La señorita Stanley estaba sentada muy tiesa y derecha, con las manos dobladas en el regazo. Las canas le brillaban bajo la luz. Fowler la observaba tratando de adivinar qué imaginaba, qué sentía. No le tenía miedo, exactamente; pero no se sentía muy cómodo cuando la mujer lo miraba. Esos ojos azules y penetrantes sabían demasiado; esas manos parecían demasiado competentes. Podría haber sido la tía de alguien, sentada en una mecedora, con sus agujas de tejer. Pero no lo era. Era la operadora de conversores más hábil del sistema solar, y no aprobaba lo que él, Fowler, hacía.
—Algo anda mal, señor Fowler —dijo la mujer.
—Precisamente —convino Fowler—. Por eso envío a Allen. Para que averigüe qué pasa.
—¿Y si no lo averigua?
—Enviaré a otro.
La mujer se incorporó lentamente, dio un paso hacia la puerta, y se detuvo junto al escritorio.
—Algún día —dijo— usted será un gran hombre. No deja escapar ninguna oportunidad. Ésta es su oportunidad. Lo sabe usted desde que esta cúpula fue nombrada centro de experimentación. Si tiene éxito, ganará un punto o dos. No importa cuántos hombres mueran. Ganará un punto o dos.
—Señorita Stanley —dijo Fowler rudamente—, el joven Allen saldrá en seguida. Por favor, asegúrese de que su máquina…
—Mi máquina —dijo la mujer con frialdad— no tiene la culpa. Funciona de acuerdo con las coordenadas de los biólogos.
Fowler, inclinado hacia adelante, se quedó escuchando los pasos de la mujer que se alejaba por el corredor.
Lo que ella había dicho era cierto, indudablemente. Los biólogos habían establecido las coordenadas, pero podían equivocarse. Una diferencia del ancho de un cabello, un error mínimo, y del convertidor saldría algo que no era lo que debía salir. Un mutante que podía morir hecho pedazos, frágil como una brizna de paja, bajo condiciones totalmente desconocidas.

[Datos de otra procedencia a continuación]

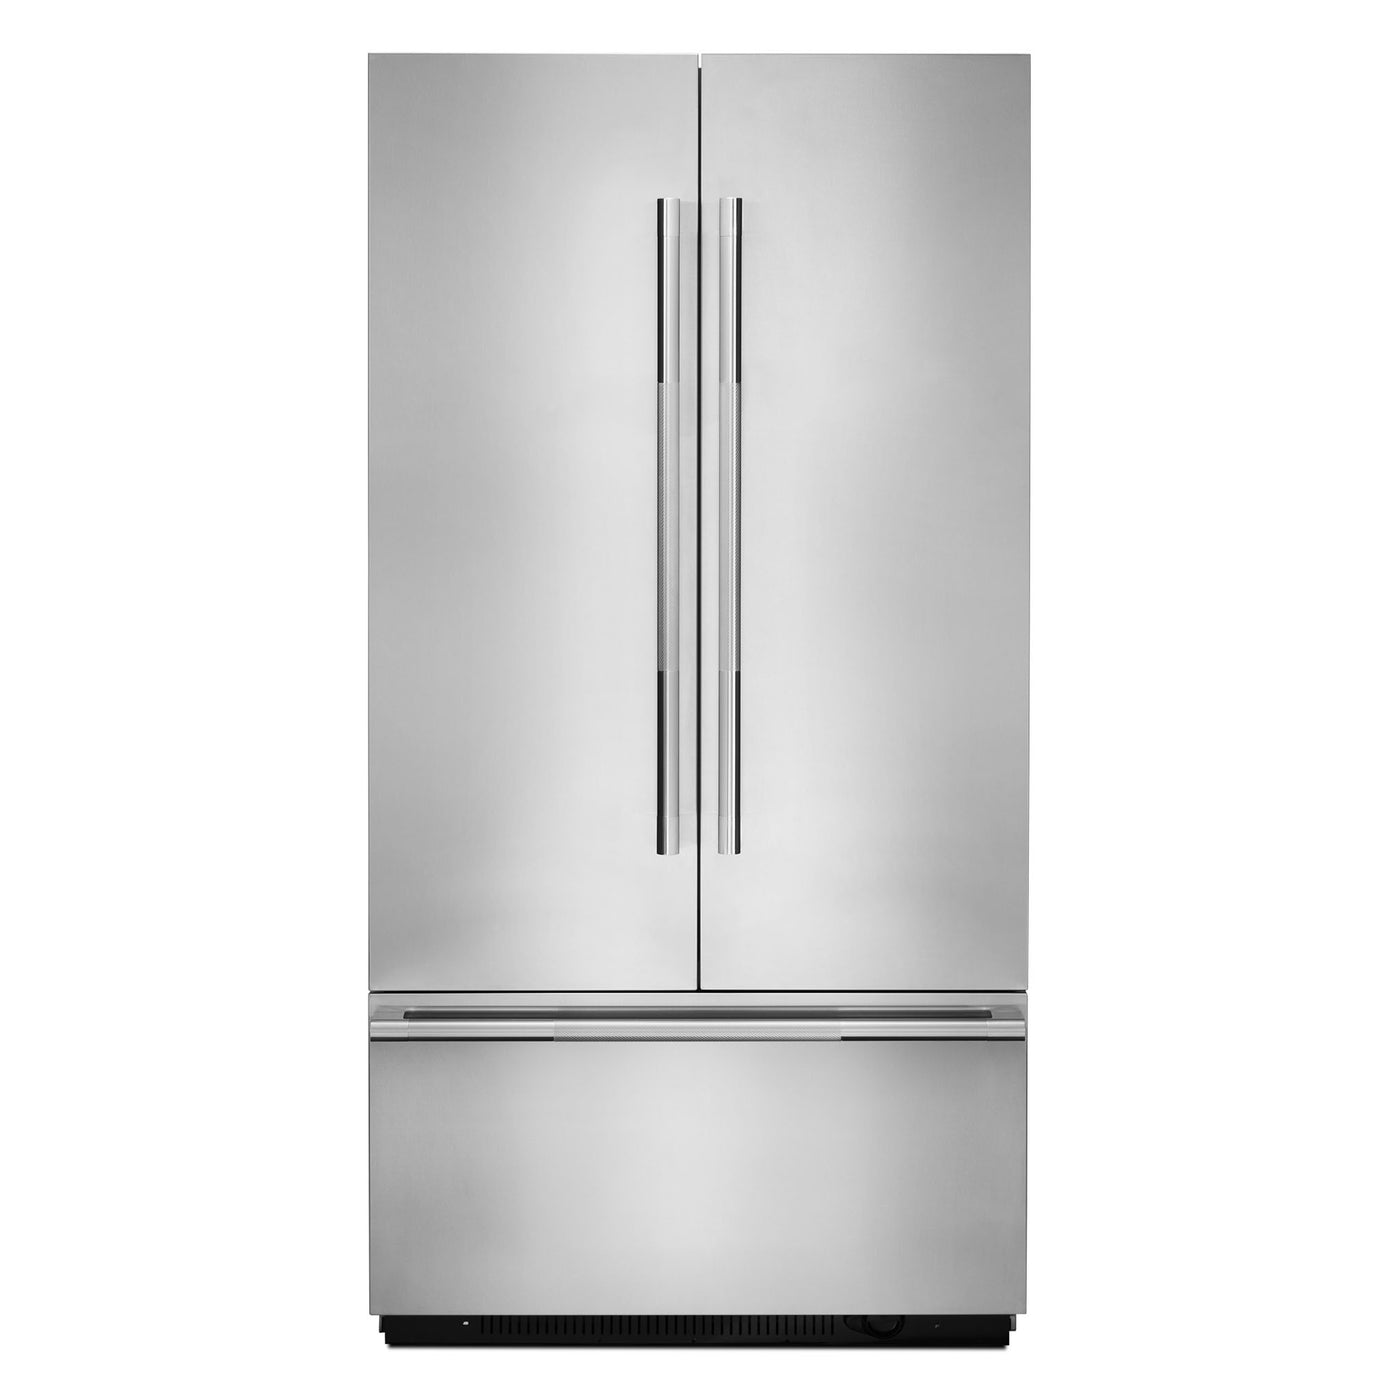 42" Panel-Ready Built-In French Door Refrigerator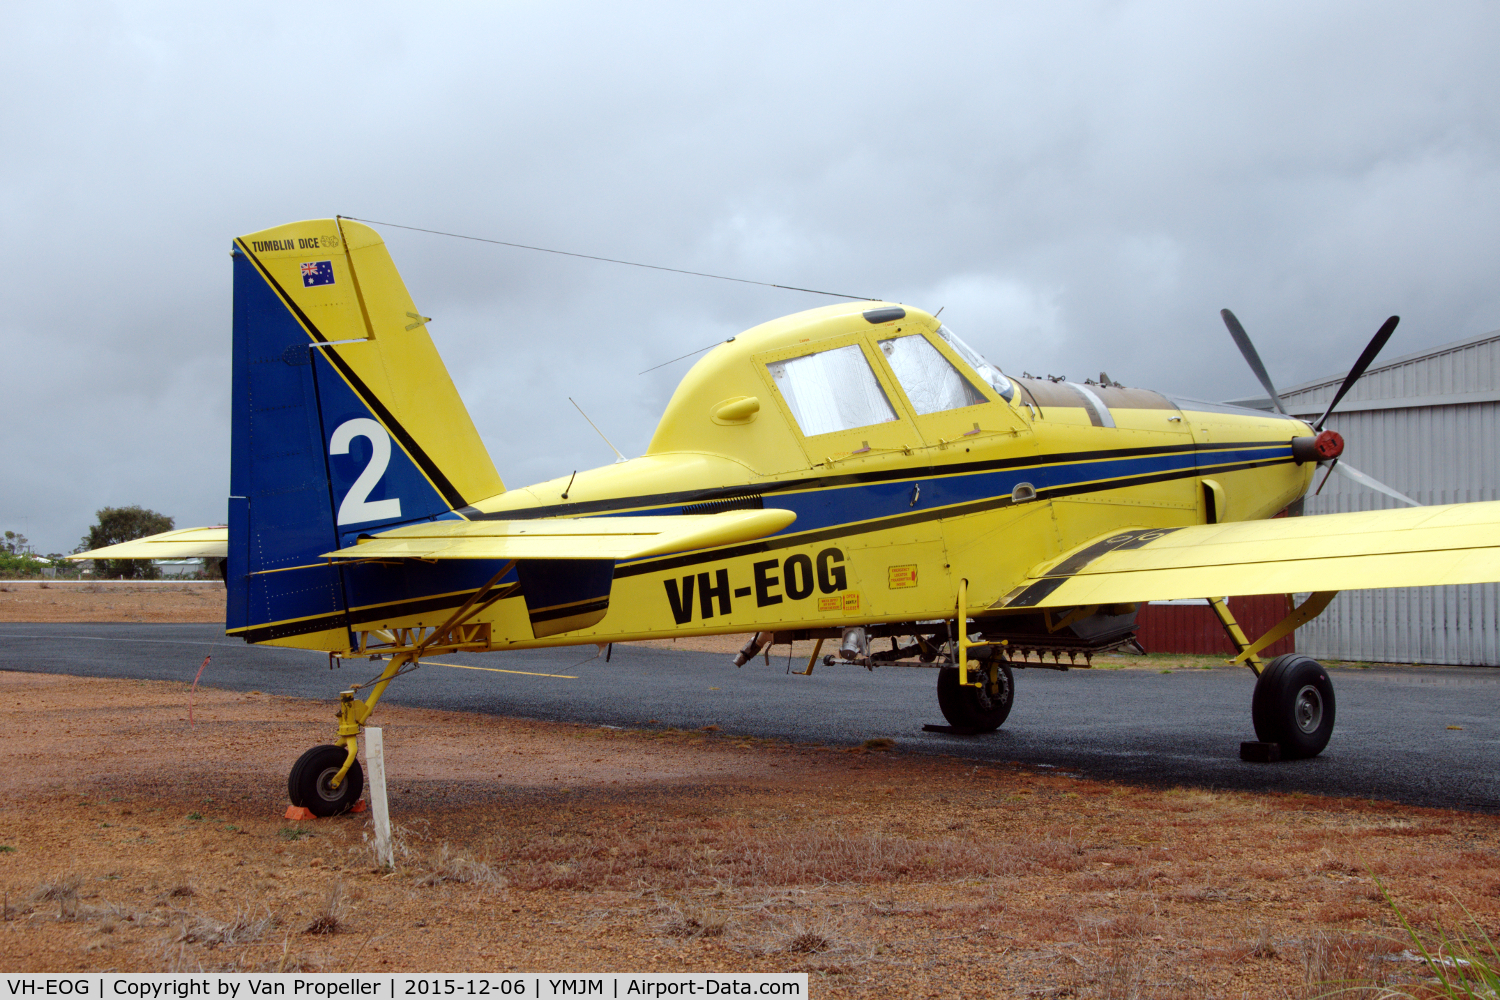 VH-EOG, 2004 Air Tractor Inc AT-802 C/N 802-0185, Air Tractor AT-802 firebomber parked at Manjimup airport, Western Australia

Pues los hombres poco sabían de Júpiter. Sólo lo que decían los instrumentos. Y las muestras de lo que ocurría allí afuera, proporcionadas por esos instrumentos y mecanismos, no eran más que eso: muestras. El tamaño de Júpiter era increíble, y las cúpulas muy escasas.
Los biólogos habían dedicado tres años al estudio de las formas de vida más evolucionadas del planeta, y dos años más a la experimentación. Un trabajo para el que hubiese bastado un mes en la Tierra. Pero un trabajo que no podía realizarse allá, pues no era posible llevar a la Tierra un habitante de Júpiter. Fuera del planeta no era posible reproducir la presión de Júpiter, y a la temperatura y presión terrestres, los jovianos desaparecían, simplemente, convertidos en un poco de gas.
Sin embargo, era un trabajo indispensable si el hombre quería pasearse alguna vez por Júpiter. Pues antes que el conversor transformase al hombre en otro ser, era necesario conocer las características físicas de este último, en todos sus detalles, y con una precisión que eliminase toda posibilidad de error.
Allen no regresó. Los tractores recorrieron las regiones vecinas y no hallaron trazas de él, a no ser que la velluda criatura descrita por uno de los conductores fuese Allen transformado en joviano.
Los biólogos emitieron sus más académicos refunfuños cuando Fowler sugirió que las coordenadas podrían ser inexactas. Las coordenadas, señalaron, funcionaban. Cuando un hombre se introducía en el conversor, y éste se ponía en marcha, el hombre se convertía en un joviano. Dejaba el aparato y entraba, hasta perderse de vista, en la espesa atmósfera.
Algún detalle, sugirió Fowler, alguna diferencia con lo que un joviano debía ser, algún defecto minúsculo. Si se trataba de eso, dijeron los biólogos, tardarían años en descubrirlo.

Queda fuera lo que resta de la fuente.